Thursday, October 1, 2015

Steel Dog-19

The Season of Burning Leaves

Summer was a fine time of year, undoubtedly.  But Farah confessed to craving chilled nights and sudden colors, leaves flying and the smell of smoke.  What kind of tree turned so incredibly orange?  One of them grew on campus.  The summer term was underway, and she couldn’t be happier with her classes and teachers, and she was making new friends, which was a relief.  She could be a very shy person, particularly around men.  It was her culture, and it was her nature too.  She had always felt fat, even as a little girl.  In a world where men ruled, being heavy was a curse.  In a society where love was one thing and one thing only, a fat young lady might never find anyone to cherish her.  But that wasn’t the case here.  And that’s what she loved most about the Western world.

“And autumn leaves,” Quentin said.

She laughed easily and for far too long.  Every burden had been discarded.  The universe was thrilling and lovely and perfect.  Women were so fortunate, she insisted.  They could fall in love with whomever they wanted, and did Quentin know why?  Because the female was the essential sex.  Ladies didn’t exist just to make babies, but they were also the natural state of the species.  Men were derived from women.  Genetic research proved as much.

“I don’t remember that article,” he admitted, turning at the Clinic’s corner, aiming for the steel dog.

Ignoring every doubt, Farah explained how a woman could love another woman, and it was perfectly natural.  Which wasn’t the case with men and men.  Though some tried.  She knew Persian males who dreamed of their own kind.  Married, respectable fellows would meet in private locations for no purpose but tawdry sex.  But women weren’t that way.  Emotion was what mattered, she insisted.  Before sex, two souls had to nest together like those little wooden dolls the Mongols made.  What were they called?  Not that it mattered.  “Two souls nesting,” she repeated as they pulled up in front of her house.  “That’s how it is with us.  But for a man, it’s just sticking his business into a girl or a man.  It’s geometry.  Ten minutes and a mess.”

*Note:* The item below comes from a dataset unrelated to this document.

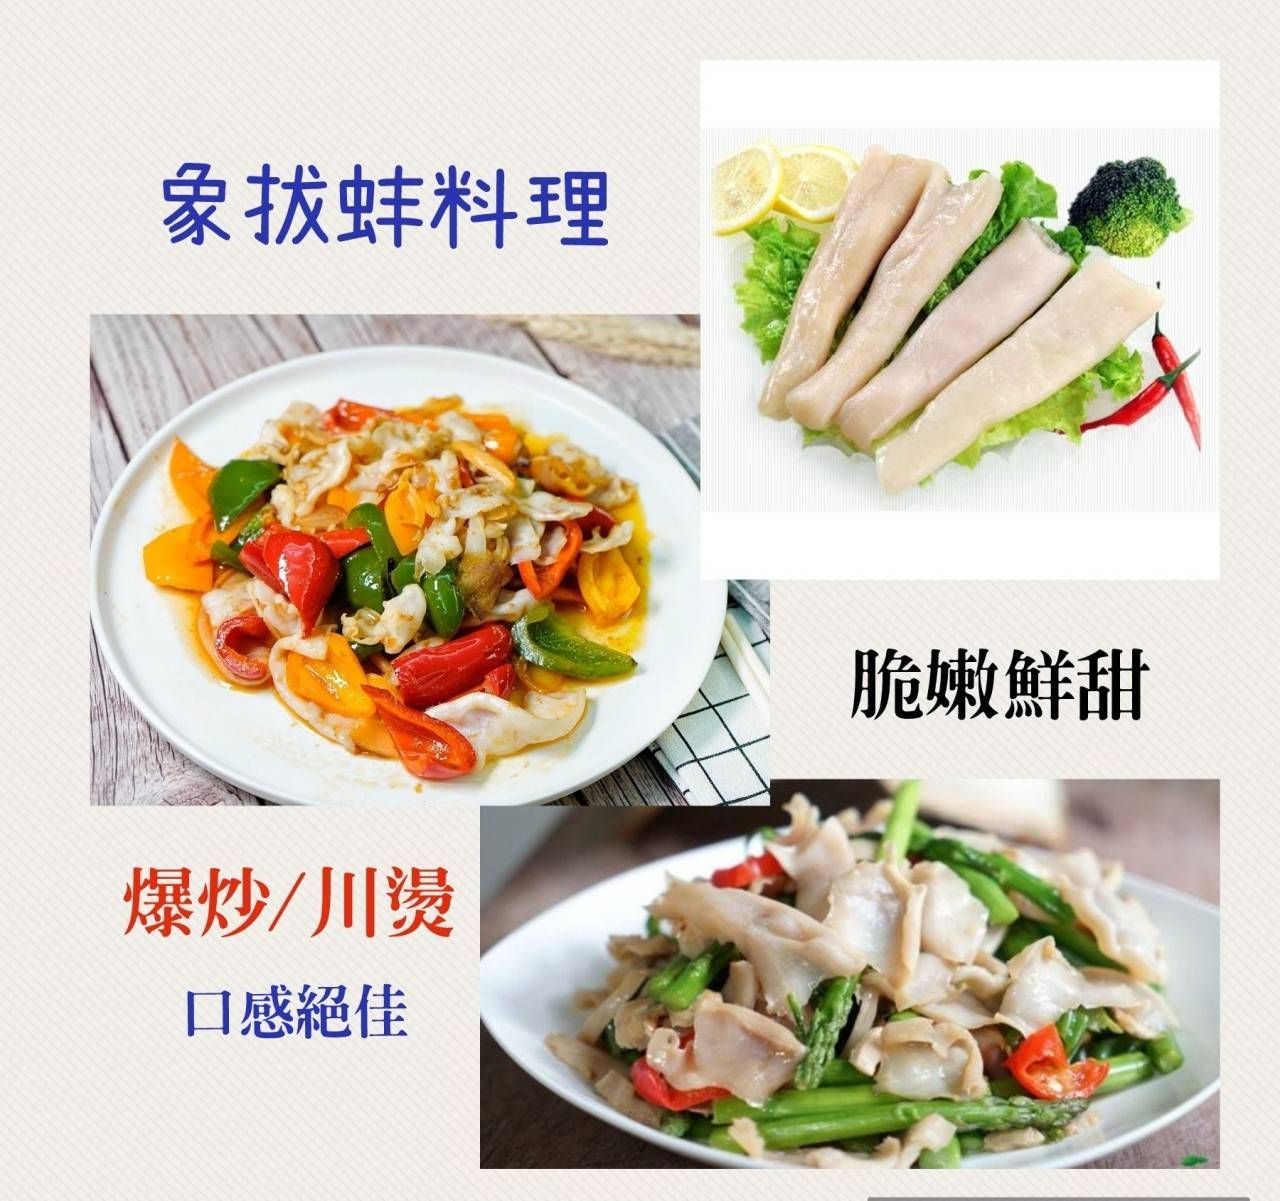 冷凍象拔蚌清肉/1公斤

Quentin put his little car into neutral and looked at her.

In the history of the world, no human had ever been happier.  It was the middle of a fine warm day, and nothing was wrong, which perhaps was why Farah said, “Why don’t you kiss me, husband?”

He did.

Then they pulled away, but she kept watching him.

“What?” Quentin asked.

“Thank you.”

“Sure.”

“No, let me thank you.”

He could have asked, “How?” and could have waved her off, saying, “No need.”  A multitude of answers went unsaid.  But Farah unzipped his trousers, both hands easing his cock into the open.  The right hand pulled it upright while the left stroked the underside, teasing that point just beneath the swelling head,

Quentin looked up and down the street.

“Do we have company?”

“No.”

“The perfect day,” she said.

That first clear drop of fluid emerged, and her thumb pulled it down the shaft.

“This won’t take ten minutes,” he mentioned.

And she smiled--a fetching, utterly believable smile.  “You don’t want to make a mess, do you?”

“I don’t care,” he said.

She shrugged, and the hand moved faster.

“When you’re close, tell me,” she said.

“I’m close,” he lied.

And then her head was down, teeth clipping the fringe of the glans before the mouth opened wider, and he pusher her down, his fingers crawling through the depths of that black, black hair.